The Food and Drug Administration approved a second version of a groundbreaking treatment Wednesday that genetically alters patients' cells to attack cancer - this time, to fight aggressive non-Hodgkin lymphoma.

The treatment is for adults with certain types of large B-cell lymphoma who have not responded to or who have relapsed after at least two other kinds of treatment, such as chemotherapy and bone-marrow transplants. The group numbers about 7,500 patients a year in the United States.

The one-time infusion, known as CAR T-cell therapy, is made by Kite Pharma, which is based in Santa Monica, California, and recently was bought by Gilead Sciences for US$11.9 billion.

Kite announced Wednesday that the treatment's brand name will be Yescarta and its price will be US$373,000.

In late August, the FDA cleared the first CAR T-cell therapy, which is designed for children and young adults whose leukaemia doesn't respond to standard treatments.

About 600 patients in the United States fall into that category every year. Kymriah, which costs US$475,000, is manufactured by Novartis.

Biotech analysts had expected the Kite price to be lower than Kymriah's, in part because the number of eligible patients is larger and the response rates are lower. Even so, Yescarta's cost is likely to stoke the ongoing debate about high drug prices.

The FDA approval is the latest step forward for the fast-moving field of immunotherapy, which aims to bolster the immune system to attack malignancies.

CAR T-cell therapies are among several approaches, along with treatments called checkpoint inhibitors and cancer vaccines, but they have recently grabbed much of the attention. Dozens of other companies also are working on them.

"Today, marks another milestone in the development of a whole new scientific paradigm for the treatment of serious diseases," FDA Commissioner Scott Gottlieb said in a statement, adding that the approval demonstrates "the continued momentum of this promising new area of medicine."
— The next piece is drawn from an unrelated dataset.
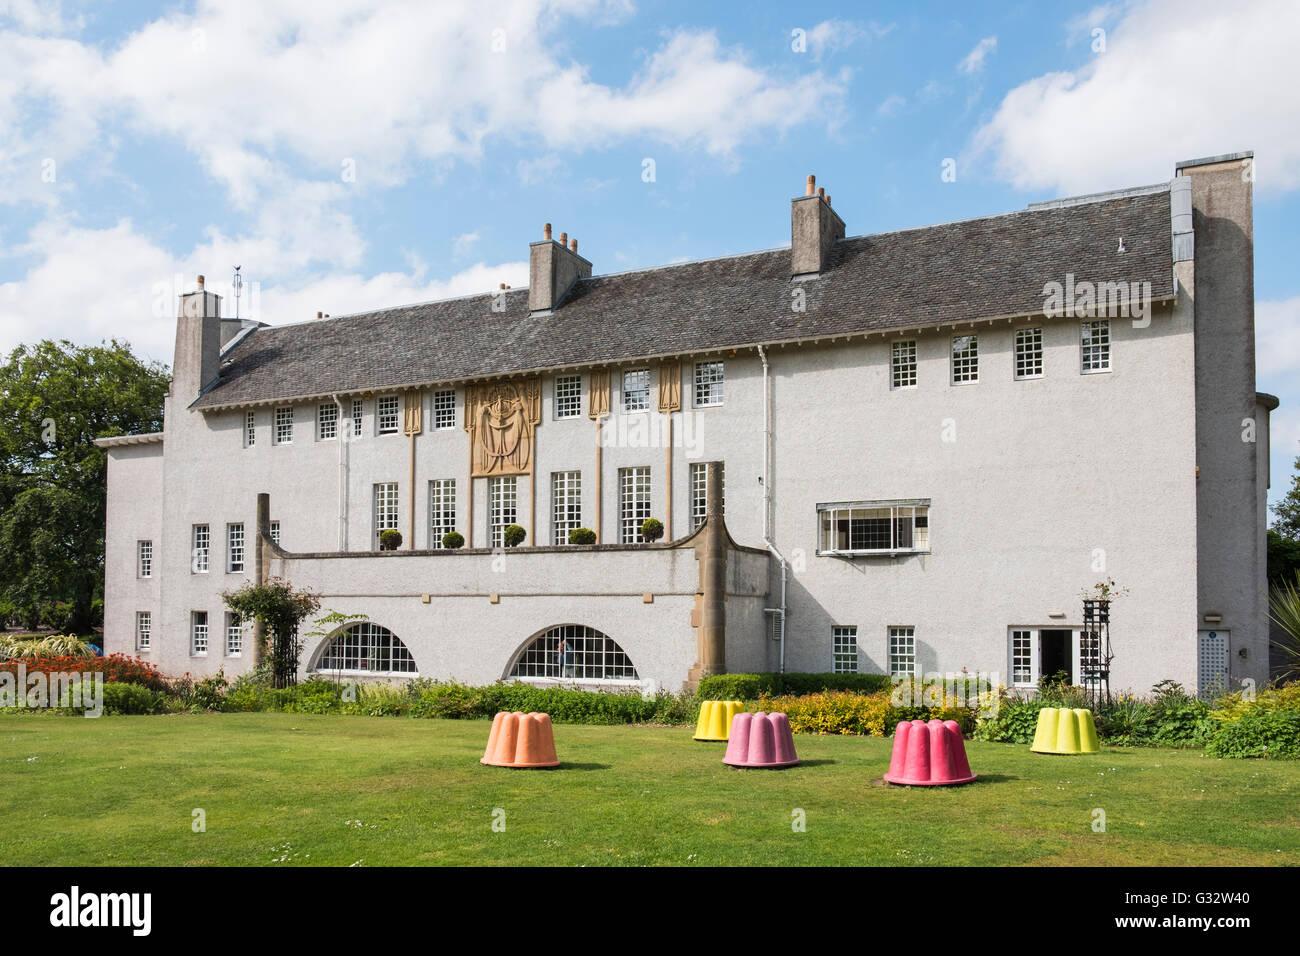 Casa per un amante dell'arte da Charles Rennie Mackintosh nel Bellahouston Park Glasgow , Regno Unito Immagini Stock

A CAR T-cell therapy involves a complicated and customised procedure in which T cells - sometimes called the foot soldiers of the immune system - are removed from the patient.

They are sent to a special lab and genetically modified to target a protein on the surface of the patient's cancer cells. Once the modified cells are returned to the patient, their numbers expand exponentially as they become an army of cancer fighters.
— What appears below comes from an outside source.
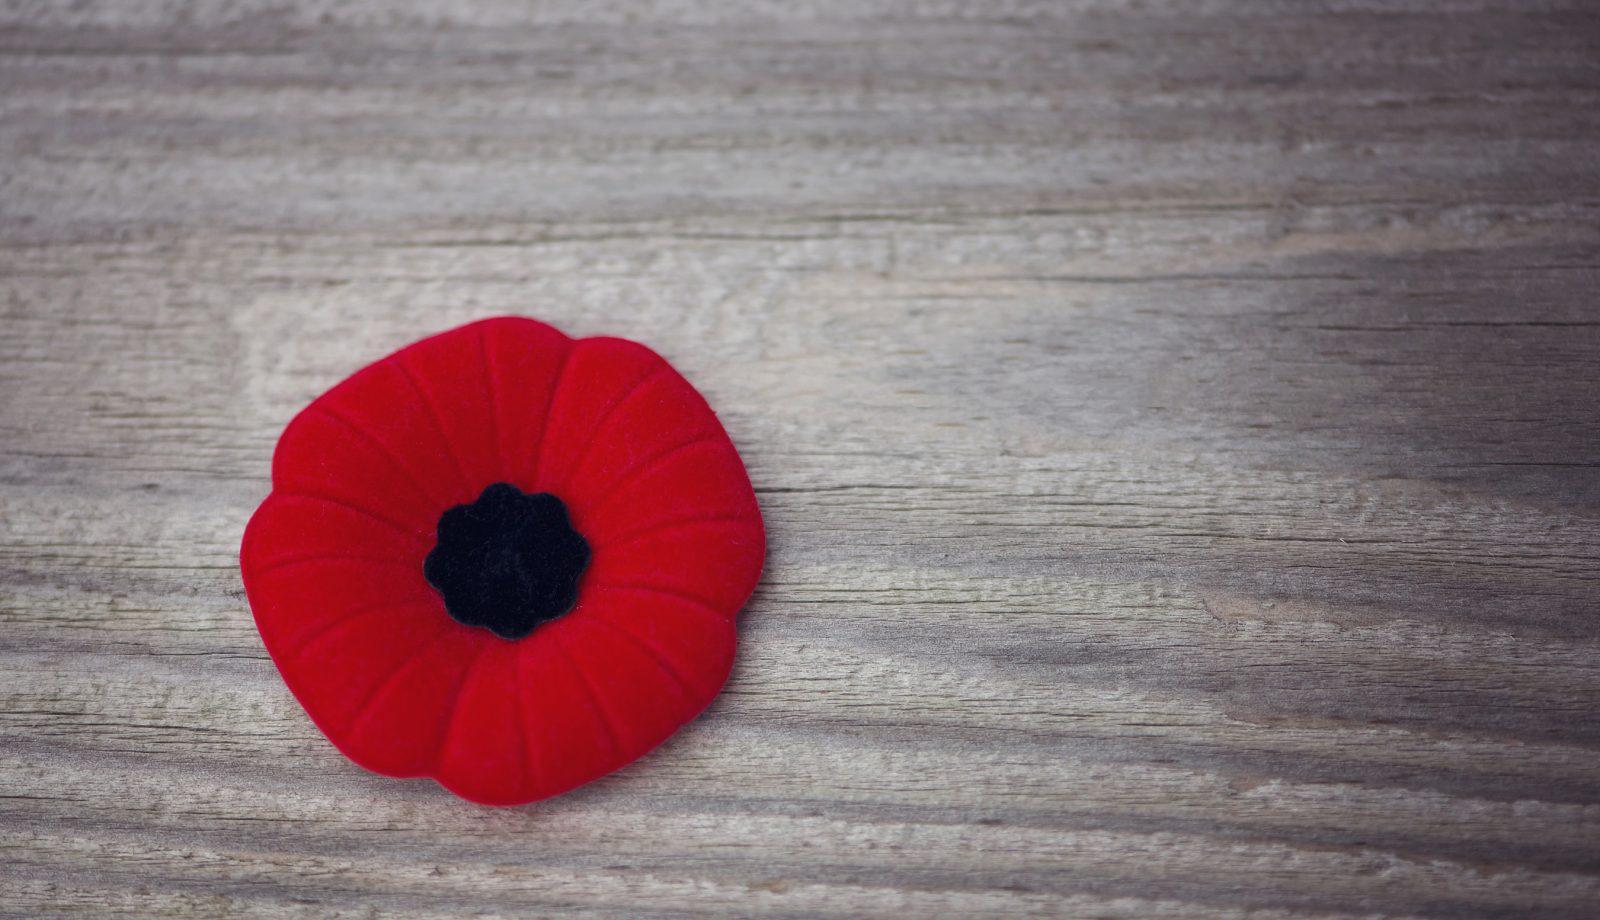 Remembrance Day Closure (Nov 11)

In 2015, Marie Miceli was diagnosed with non-Hodgkin lymphoma at Siteman Cancer Center in St. Louis, which is jointly owned by Barnes-Jewish Hospital and Washington University School of Medicine. She received chemo and underwent a bone-marrow transplant. Neither worked.

"The doctors were saying, 'Go see an attorney and get your life in order,' " the 64-year-old Realtor recalled.
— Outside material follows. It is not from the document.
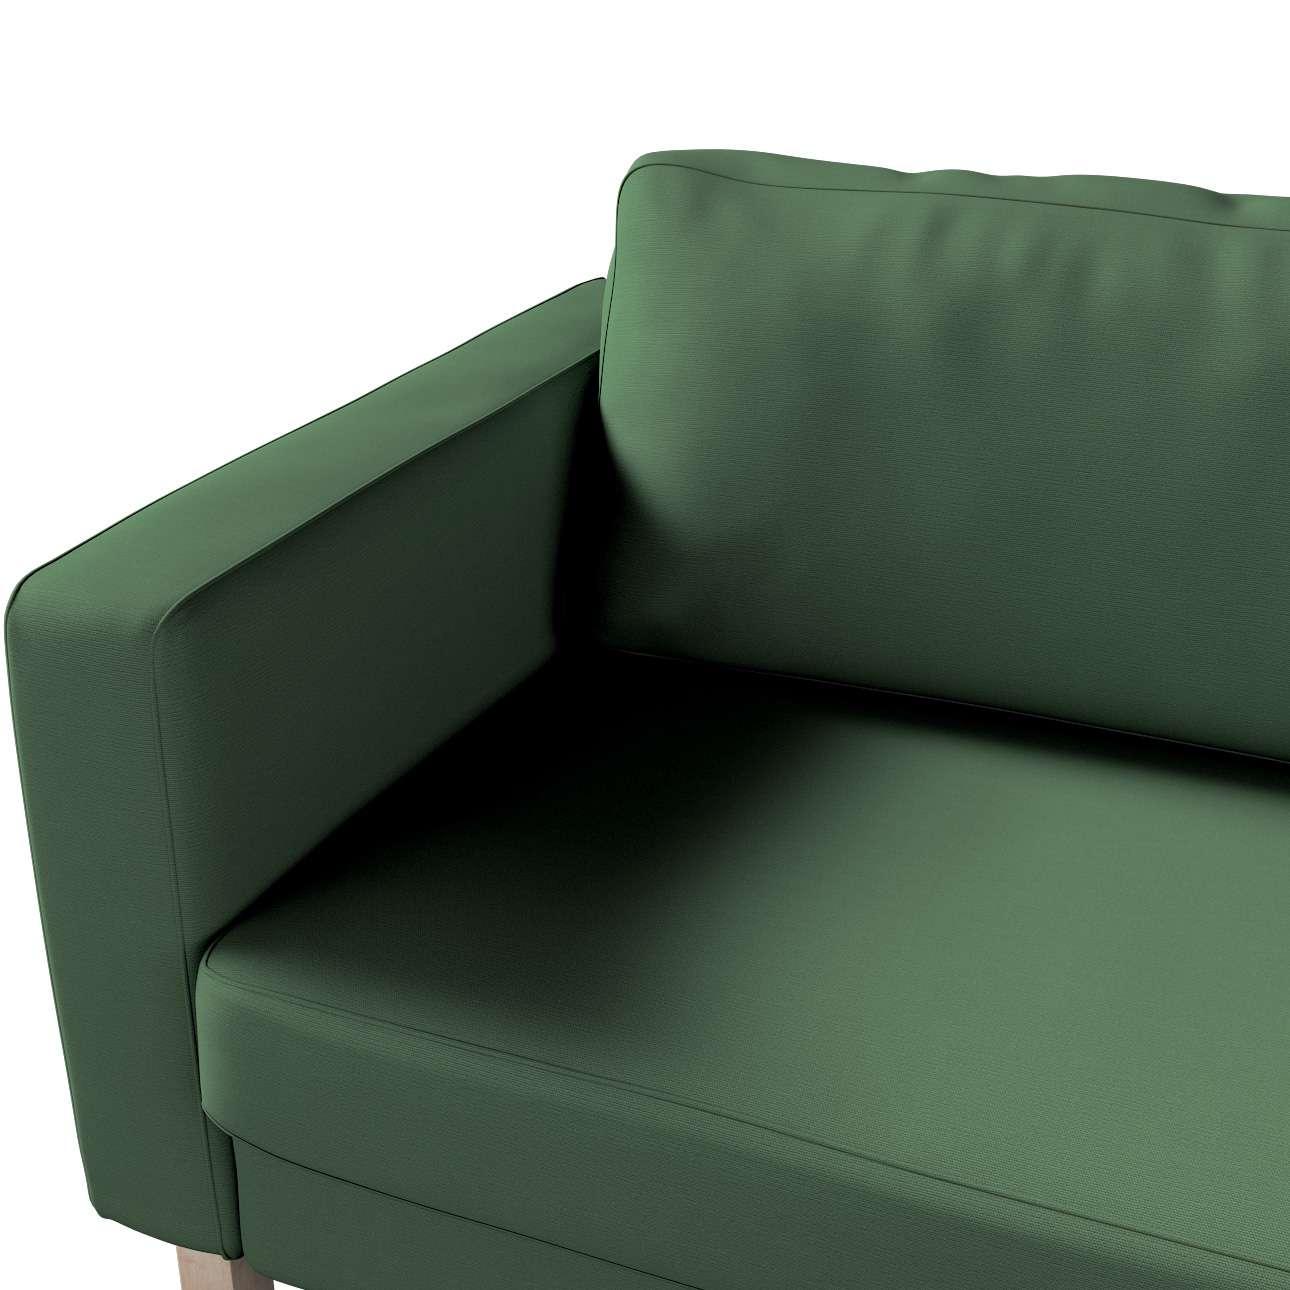 Pokrowiec na sofę Karlstad 3-osobową nierozkładaną, krótki w kolekcji Cotton Panama, tkanina: 702-06

Then they offered her a slot in Kite's clinical trial, a last-resort effort. "I could feel it when they put those T cells back in," she said. "It was the craziest feeling in the world." When she was checked a month later, she said, her cancer was gone. It hasn't returned.

Kite's "vein-to-vein" turnaround period - from cell extraction to reinfusion - is about 17 days, according to Frederick Locke, an oncologist at Moffitt Cancer Center in Tampa and co-leader of the Kite trial.

The FDA said the safety and efficacy of Yescarta were established in a multi-centre trial of more than 100 adults with large B-cell lymphoma.

"This is not just an incremental benefit," said David Chang, Kite's chief medical officer. "It raises the potential that a cure can be possible."

Some of the first patients who underwent treatment now have been in remission for three to five years, he said, although he cautioned that it's still too early to know whether those patients are cured.

Locke said about 13 percent of patients in the trial had a severe side effect known as cytokine release syndrome, which produces high fevers, low blood pressure and other flulike symptoms. Twenty-eight percent had neurological "events," such as severe confusion; three patients died of complications caused by the treatment.

"These are patients who knew they were out of options," he said, noting that lymphoma patients who relapse or don't respond to treatment have just a 50 percent chance of surviving for six months.

Because of the side effects, the treatment will carry a boxed warning, the FDA's most serious. In addition, the agency is requiring hospitals and clinics that dispense Yescarta to be certified after undergoing special training.

Diffuse large B-cell lymphoma is the most common type of non-Hodgkin lymphoma in adults. This type of cancer begin in the immune system and can be fast- or slow-growing, the FDA noted.

Kite's CAR T-cell product was developed years ago at the National Cancer Institute by pioneering scientist Steven Rosenberg and licensed to the company for commercialisation.

Armin Ghobadi, an oncologist at Siteman who was an investigator in the Kite trial, said the new treatment is "just the first step" and that researchers are working to make it safer and more effective. He said the therapy already has been life-changing for many of his patients - and for him.

"There's nothing worse t han telling patients, 'I'm sorry, we are done here, we don't have anything else to offer,' " he said.